かつての「第二次大陸間戦争」の際にメルカ共和国が産み出し、封印した地上最悪の殺戮兵器の爆破実験を。
プロトン爆破の爆発は、その破壊力もさる事ながら、広範囲にあらゆる生命を死滅させる「死の光」と呼ばれる一種の有害放射線を撒き散らす事で知られている。
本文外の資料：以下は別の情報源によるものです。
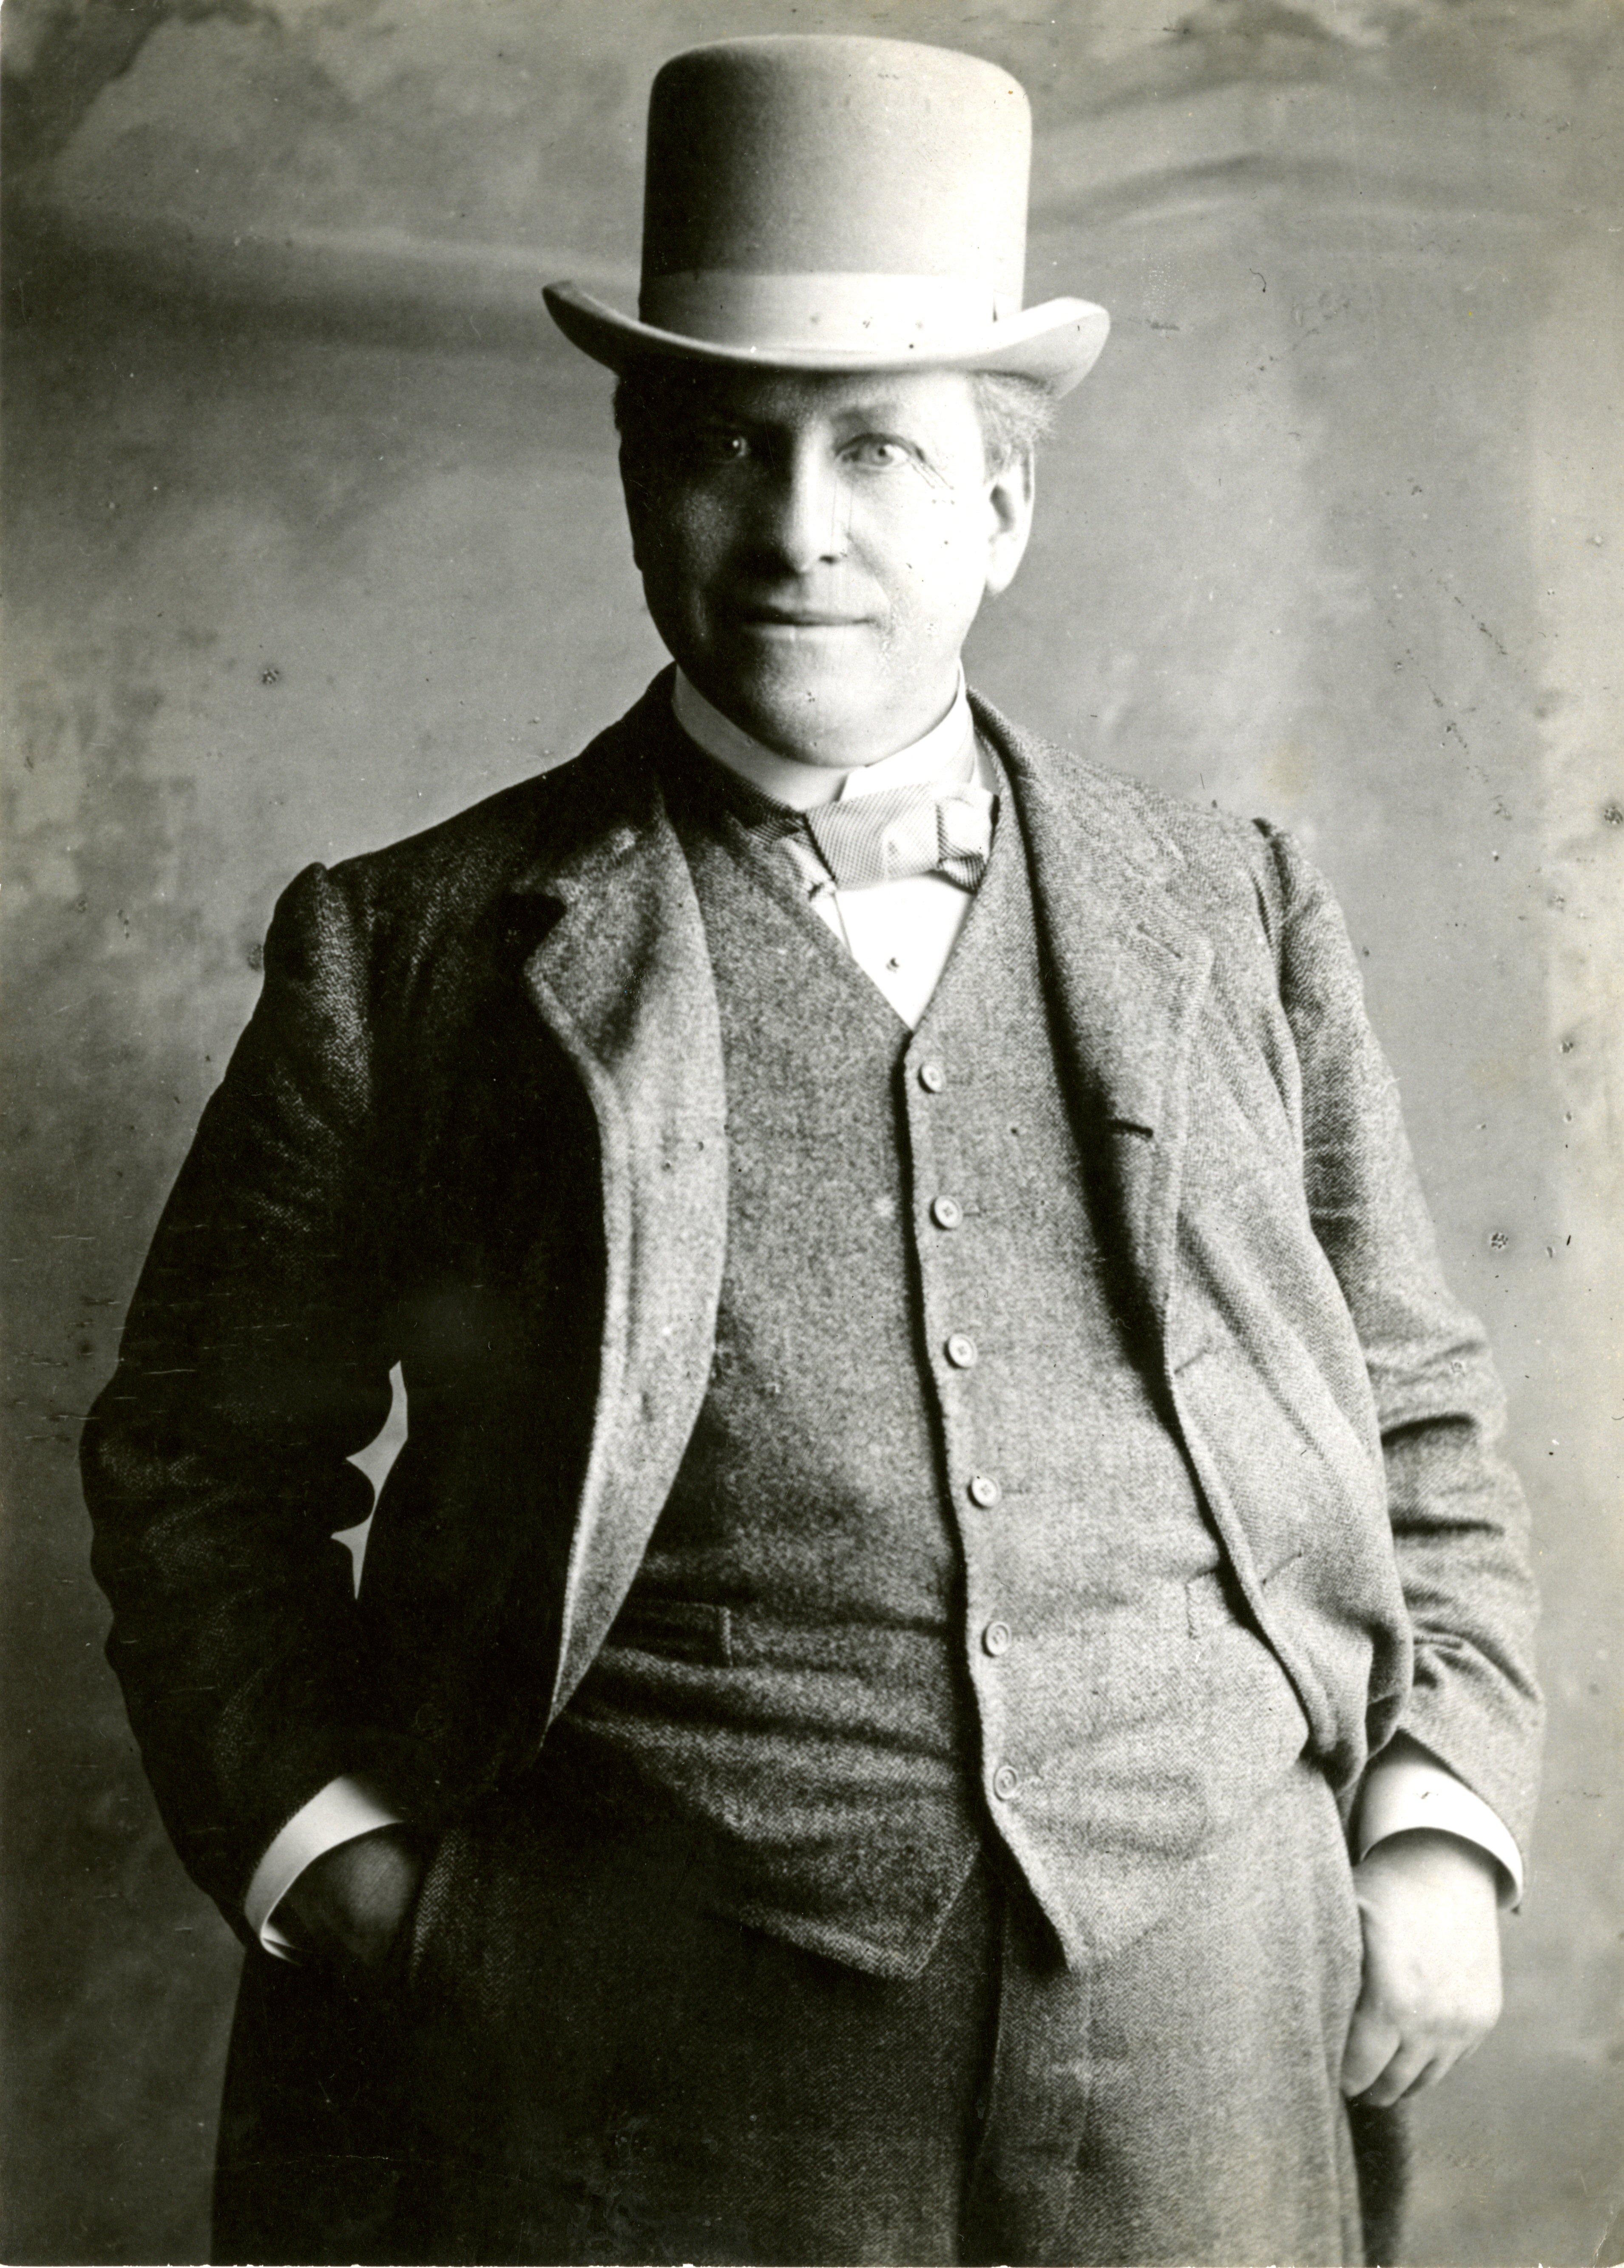 William Lever, Lord Leverhulme

当然、その被害範囲内にいた羅呉爾亜島は、草一本生えぬ死の大地と化している事だろう。
「……教授、お言葉ですが羅呉爾亜島に生物は」
「存在しない、と言いたいのだろう?」
まるで、博人の言葉を待っていたかのように山根が言った。
そして海図の上に、懐から一枚の写真を取り出し、置いた。
「二週間前に撮られた、羅呉爾亜島の写真だよ」
「なッ……!」
それを前にして、博人は驚愕した。
なんとそこには、青々とした密林に包まれた羅呉爾亜島があったのだ。
「そんな?!死の光の半減期からして、今はもう無害化してるだろうけど、こうも早く生態系が再生するなんてありえない……!」
驚愕、混乱。様々な感情が入り交じり思わず取り乱してしまう博人。
その様子を、グレンは少しあきれた様子で、壱史郎と村松は表情を変えず、カヨミは微笑ましそうに見守っている。
「これで、解ったかね?大頭君……」
そして態度を変えず博人に話しかける山根。
「私はこの羅呉爾亜島に、死の光を無効化する新しい生物がいると考えている、これまで私が発掘してきた……あのブリュッセルの悪魔のような、ね」
そう、山根達の目的は羅呉爾亜島が死の光の中で無事にいられた理由の解明であった。
「大頭君、君はいつも私の講義を真面目に聞き、時には私の助手もしてくれた……だから、君をアシスタントとして連れていきたいのだ、いいかね?」
そう言って、山根は博人に右手を差し出す。
握手を求めているのだ。
…………古生物学の聖地(メッカ)に、親の猛反対を乗り越えて入学した先に待っていたのは、空虚な日々。
そんな中、大学卒業の資格を取る為だけに通学を続けていた博人に舞い込んだ、青天の霹靂とも言うべき誘い。
上手くいけば、憧れの山根の新発見の瞬間に居合わせる事が出来るかも知れない。
博人は、今までにないような、心踊る感情を感じている。
故に。
「是非、行かせてください!」
その手を取らぬ、理由はなかった。